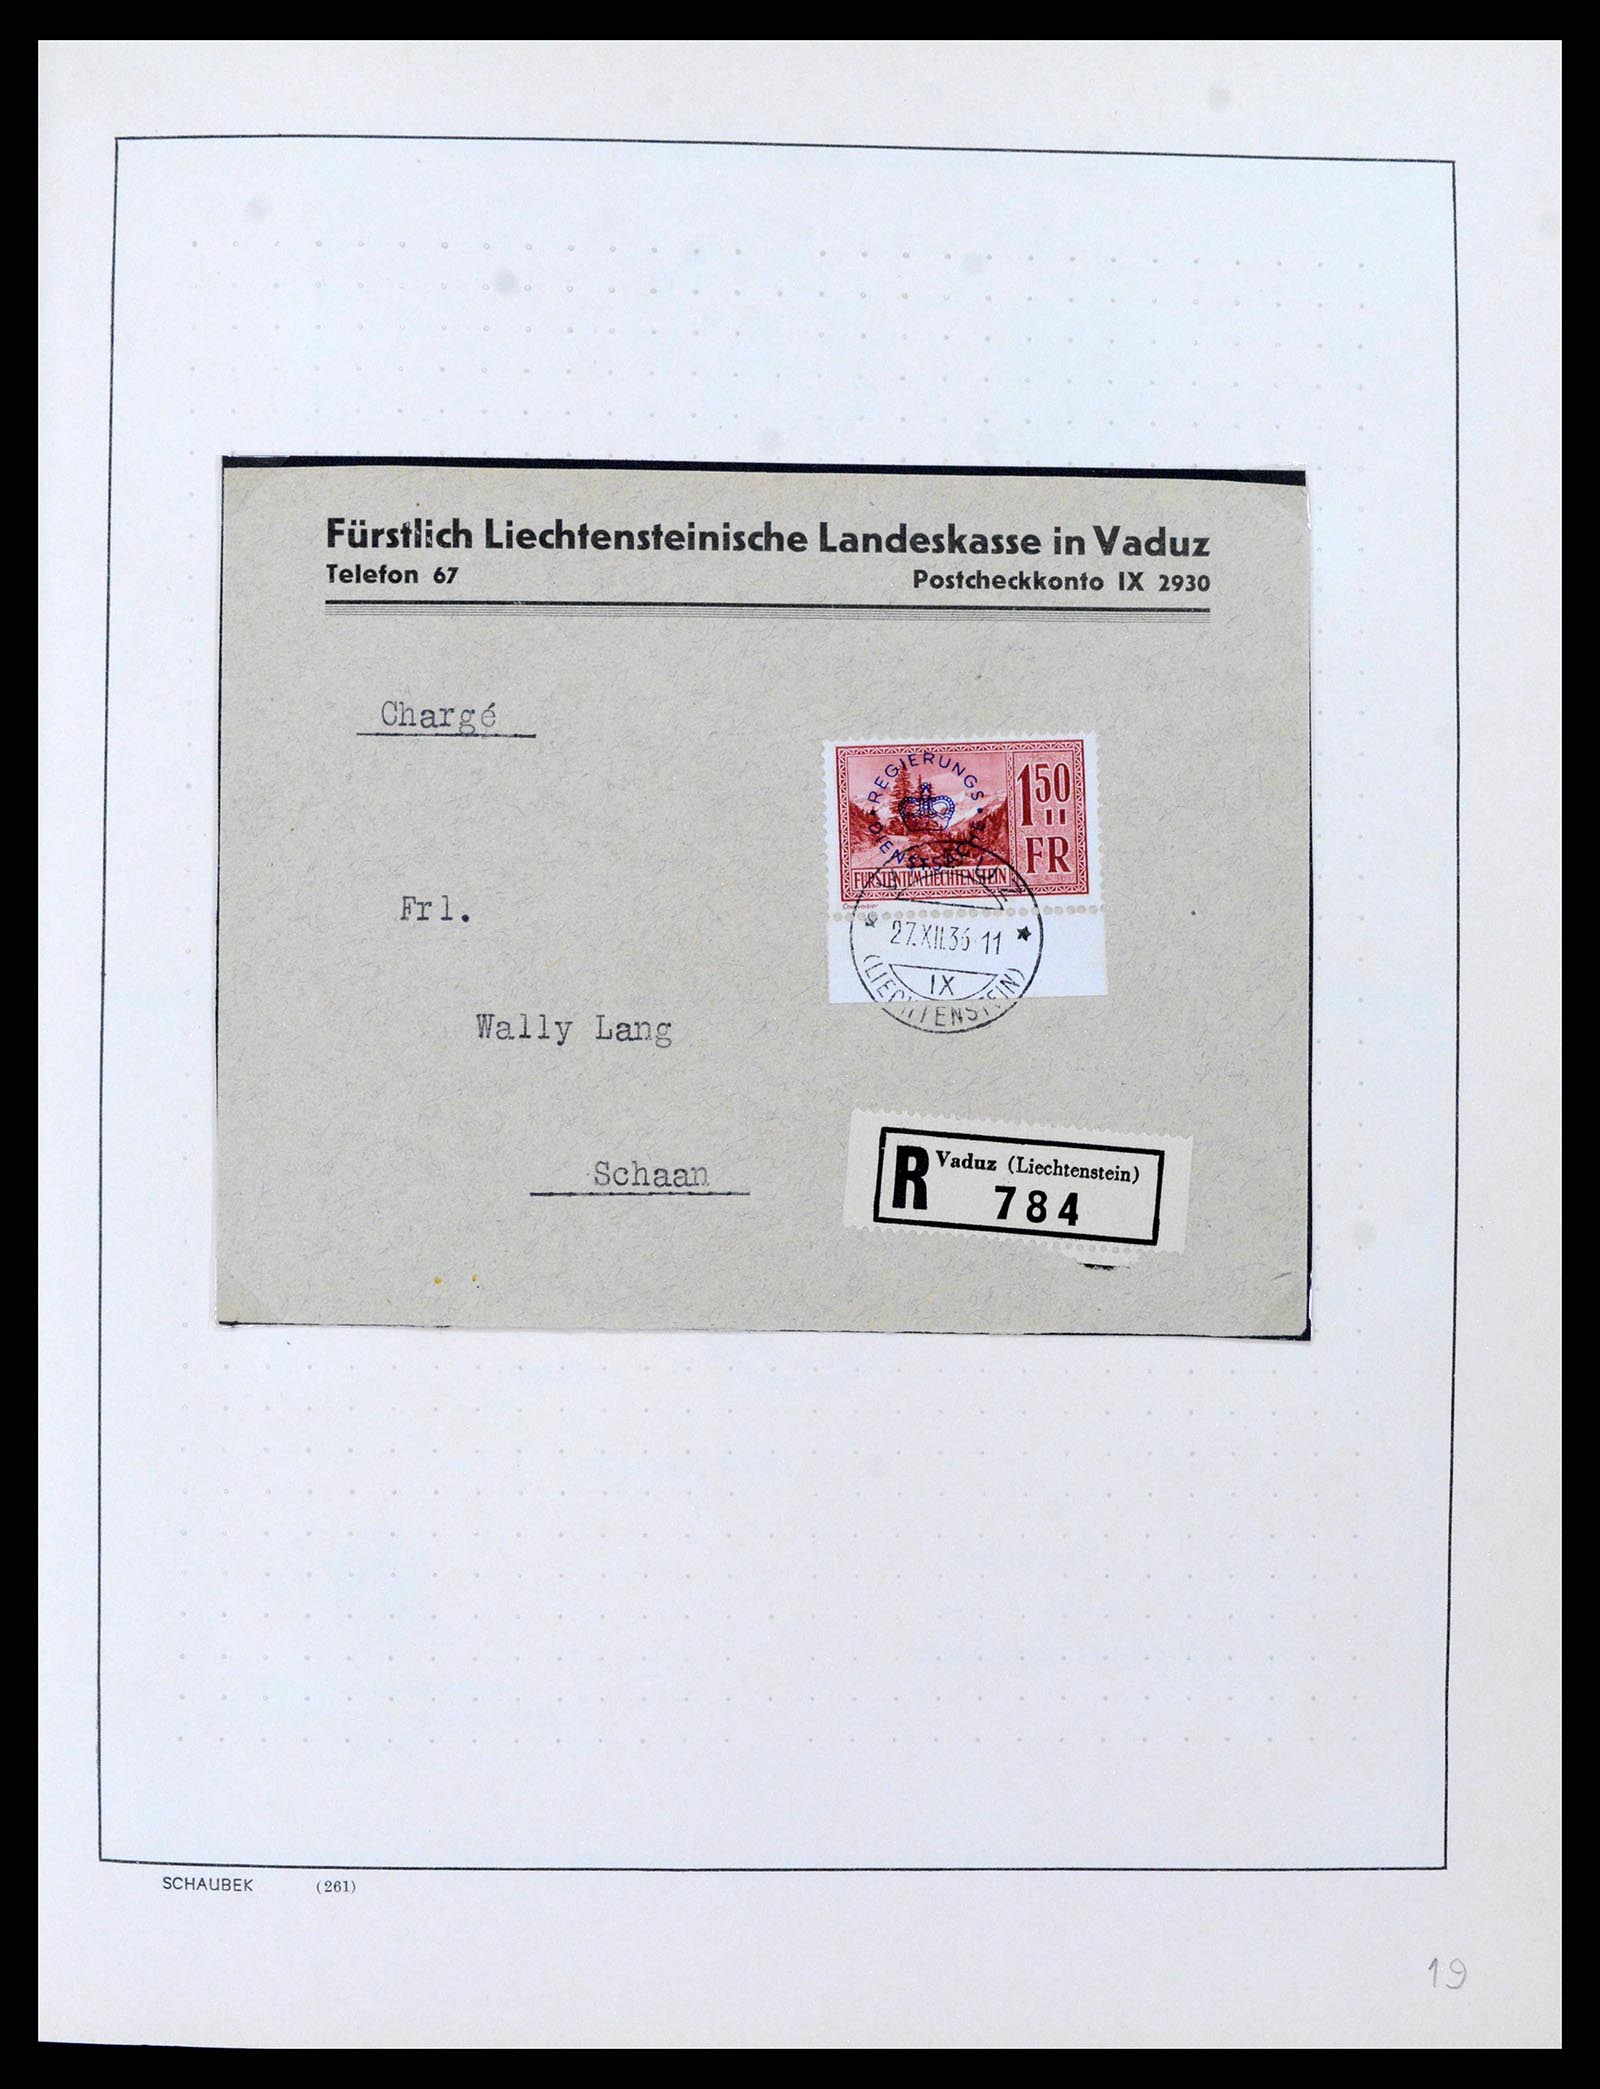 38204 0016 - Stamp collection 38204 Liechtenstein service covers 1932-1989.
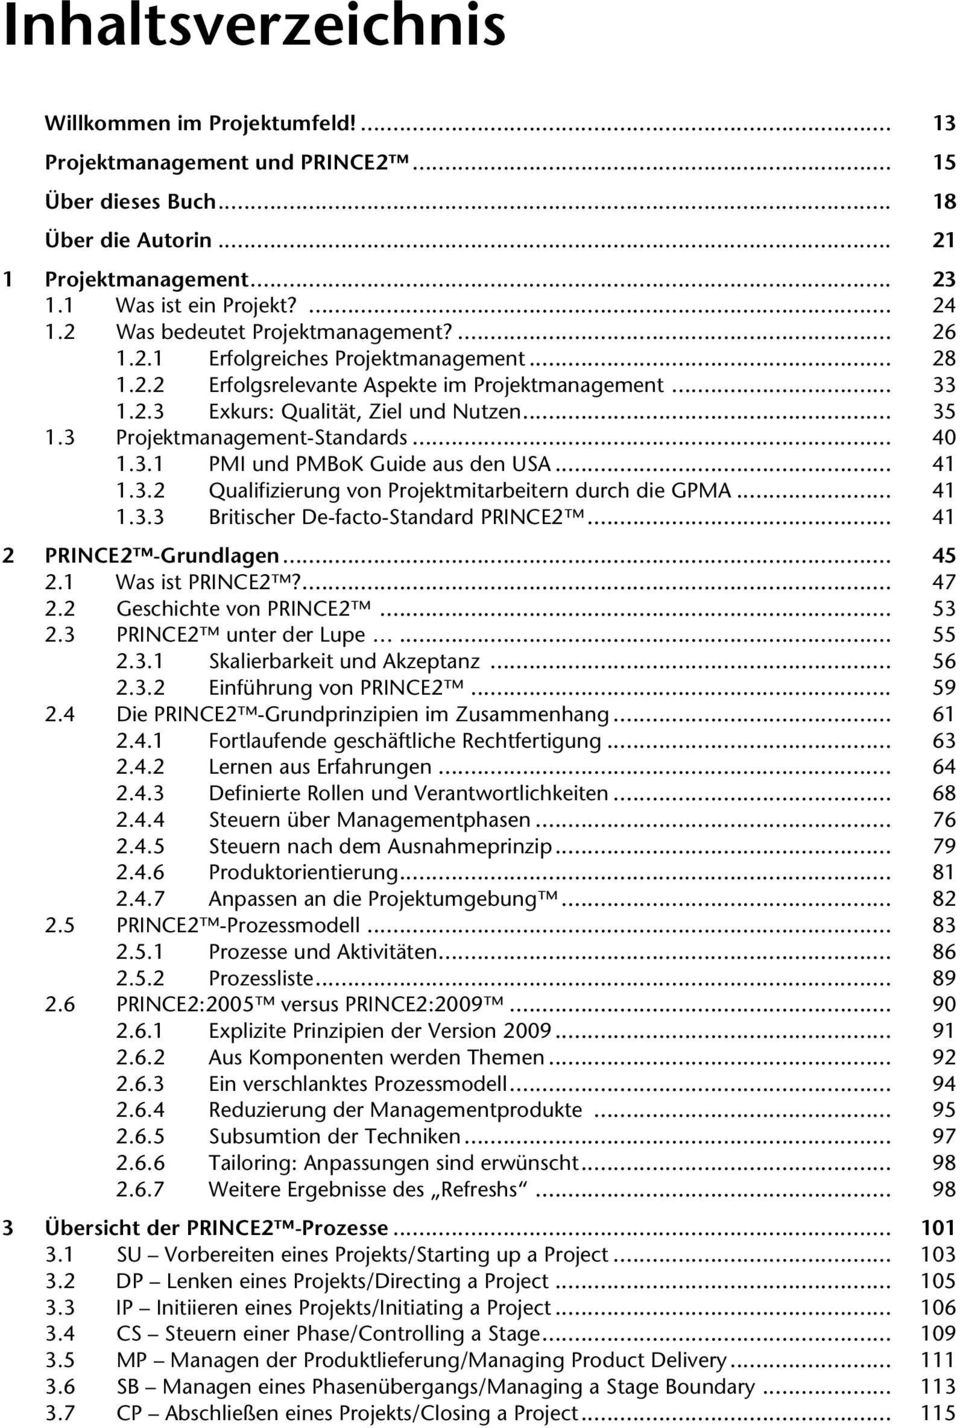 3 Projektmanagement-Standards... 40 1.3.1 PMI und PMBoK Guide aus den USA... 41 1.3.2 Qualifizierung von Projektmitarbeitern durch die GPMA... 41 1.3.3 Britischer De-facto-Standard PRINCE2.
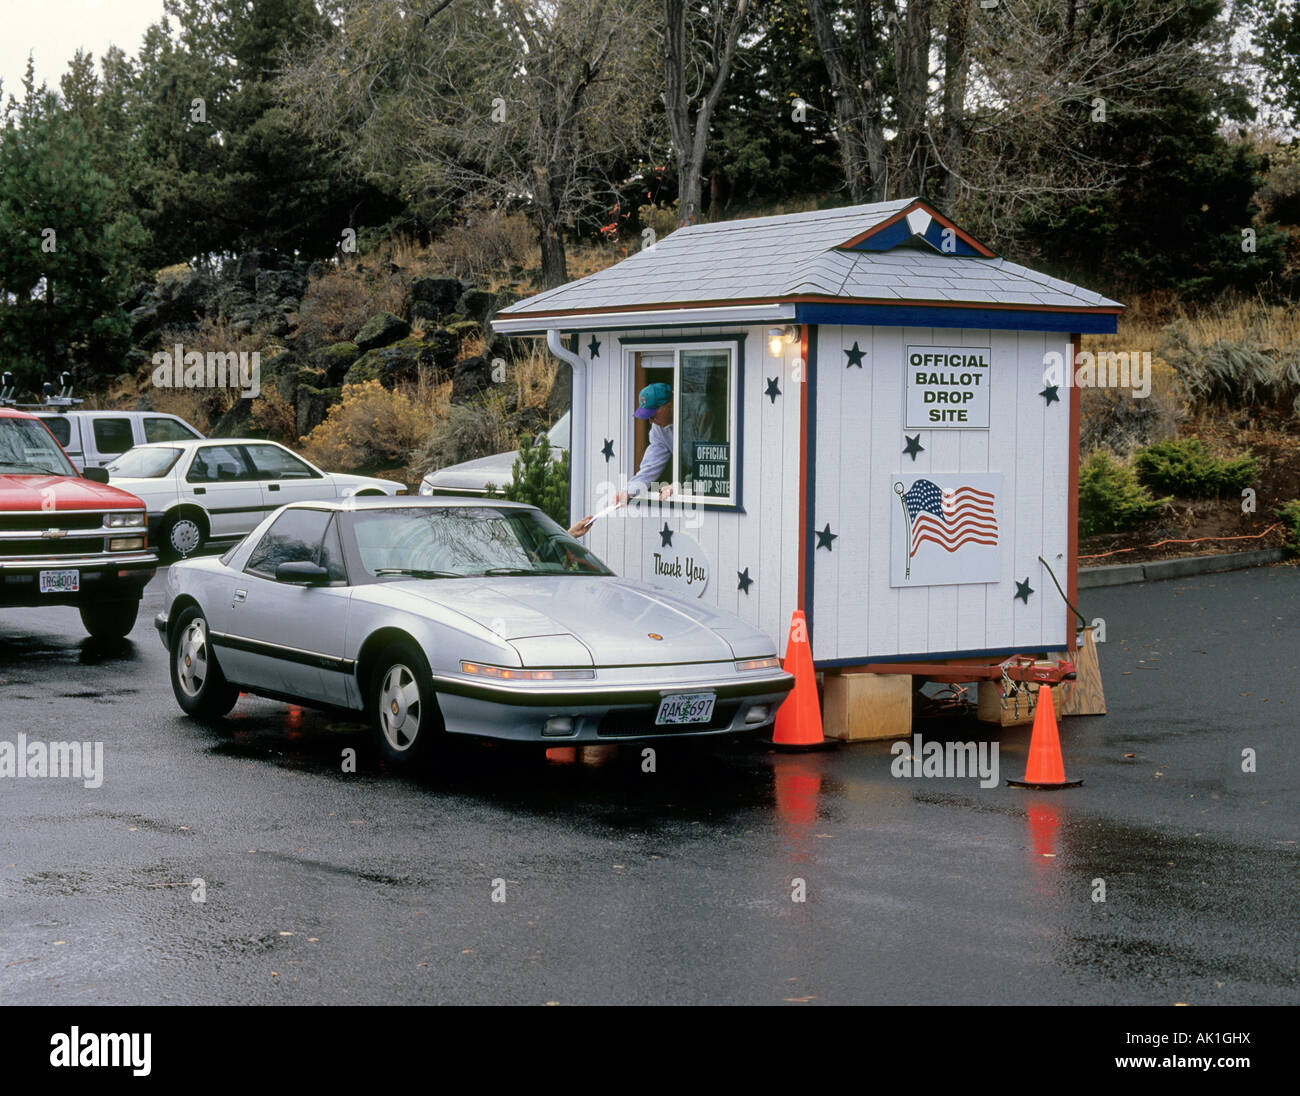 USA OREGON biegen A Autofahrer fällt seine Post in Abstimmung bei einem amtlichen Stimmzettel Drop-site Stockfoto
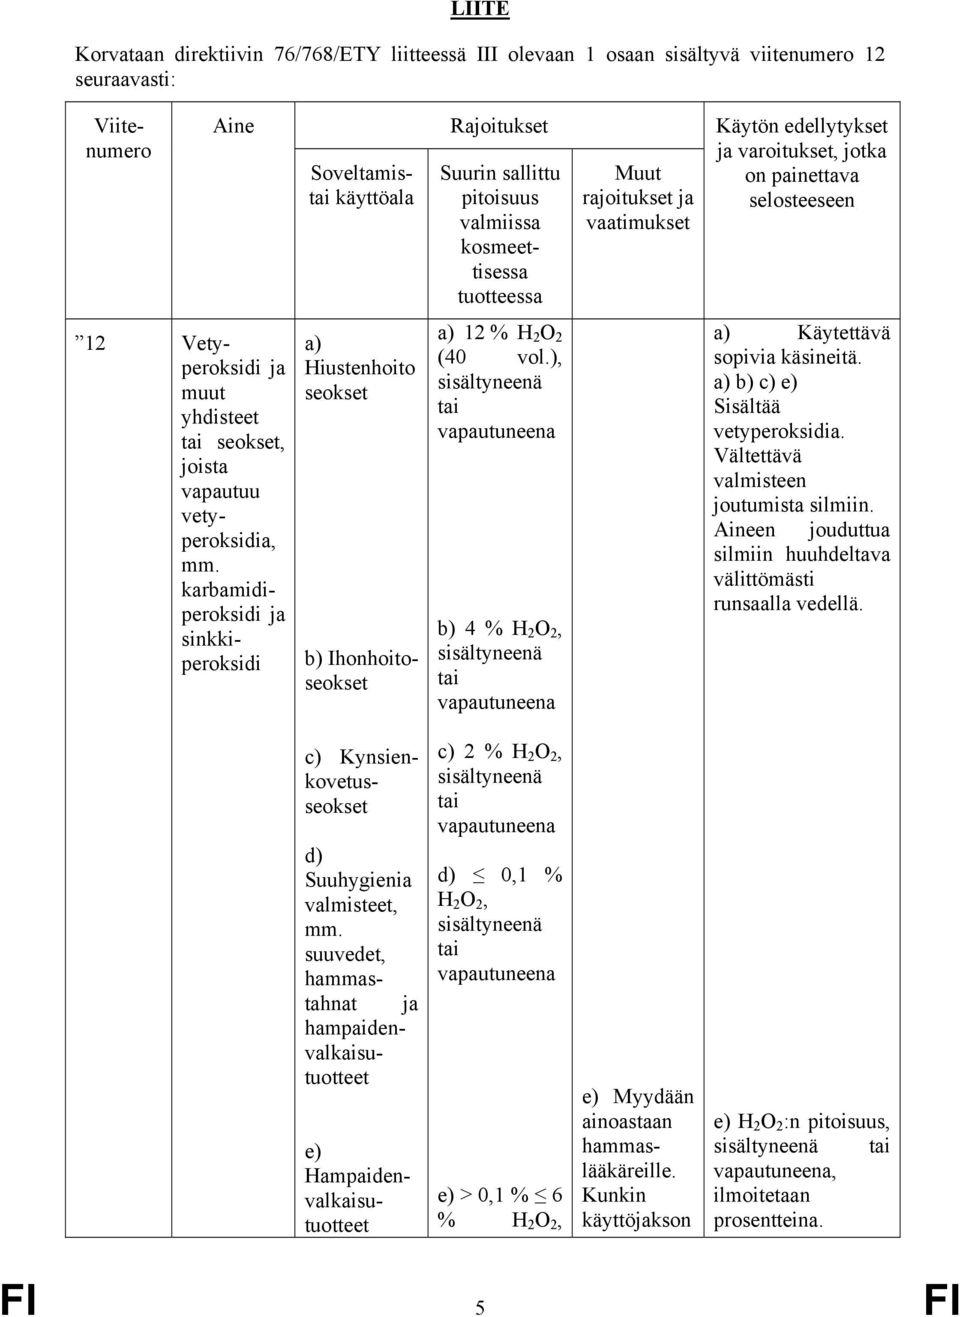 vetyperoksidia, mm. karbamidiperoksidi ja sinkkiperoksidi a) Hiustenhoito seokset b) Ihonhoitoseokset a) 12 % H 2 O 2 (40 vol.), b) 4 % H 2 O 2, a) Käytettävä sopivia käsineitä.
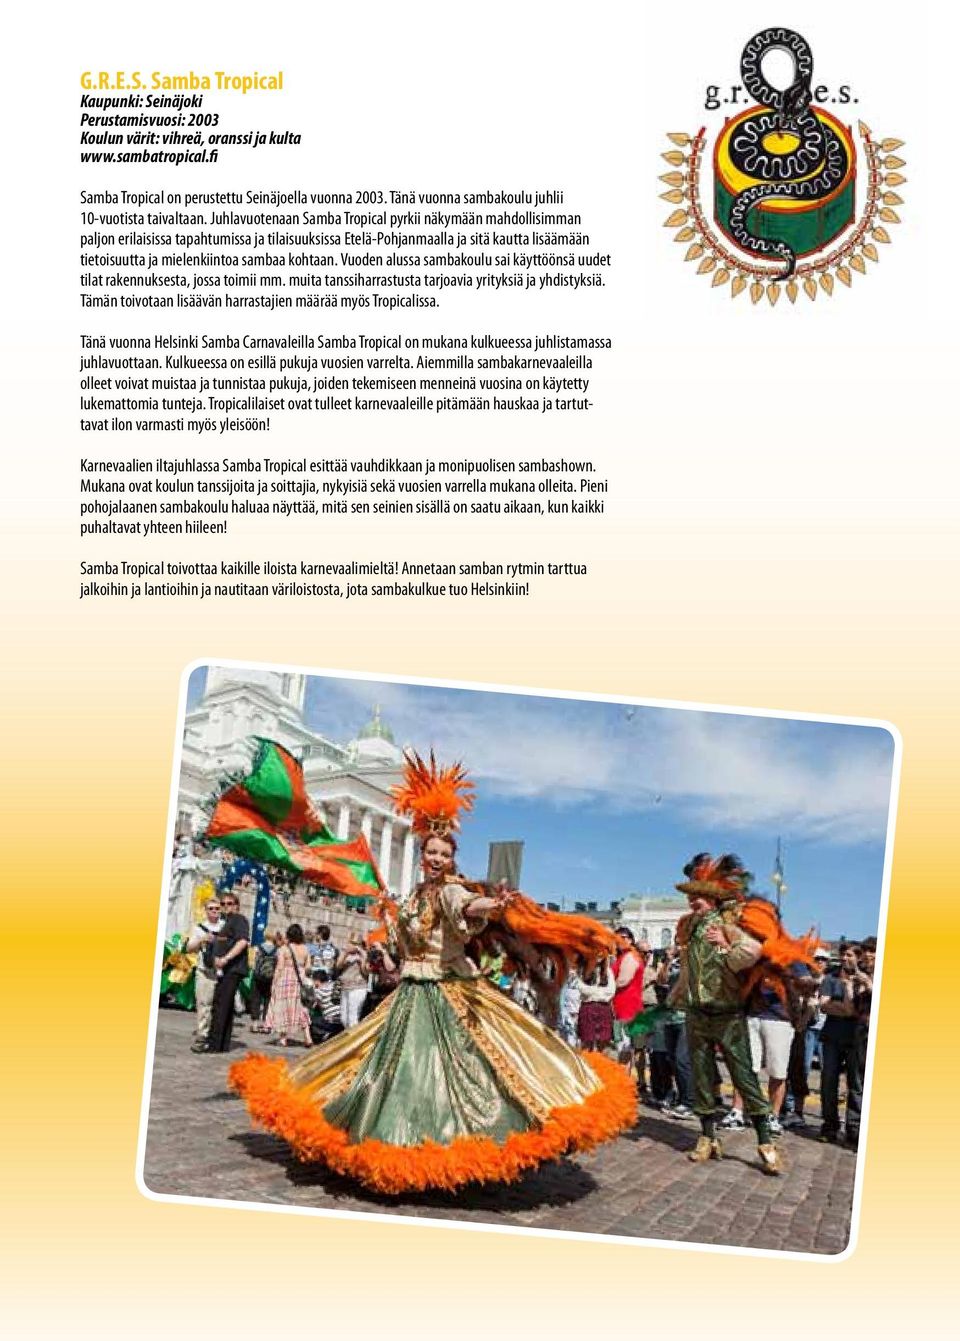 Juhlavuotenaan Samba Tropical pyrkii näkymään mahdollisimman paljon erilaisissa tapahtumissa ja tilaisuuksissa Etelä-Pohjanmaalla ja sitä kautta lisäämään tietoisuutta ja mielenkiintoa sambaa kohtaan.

---

**Task statement**
With the pictures left out, output the lines from the one containing "vetyperoksidia, mm. karbamidiperoksidi" through the last line of the records above, exactly as they are.

**Response**
 vetyperoksidia, mm. karbamidiperoksidi ja sinkkiperoksidi a) Hiustenhoito seokset b) Ihonhoitoseokset a) 12 % H 2 O 2 (40 vol.), b) 4 % H 2 O 2, a) Käytettävä sopivia käsineitä.
 Juhlavuotenaan Samba Tropical pyrkii näkymään mahdollisimman paljon erilaisissa tapahtumissa ja tilaisuuksissa Etelä-Pohjanmaalla ja sitä kautta lisäämään tietoisuutta ja mielenkiintoa sambaa kohtaan.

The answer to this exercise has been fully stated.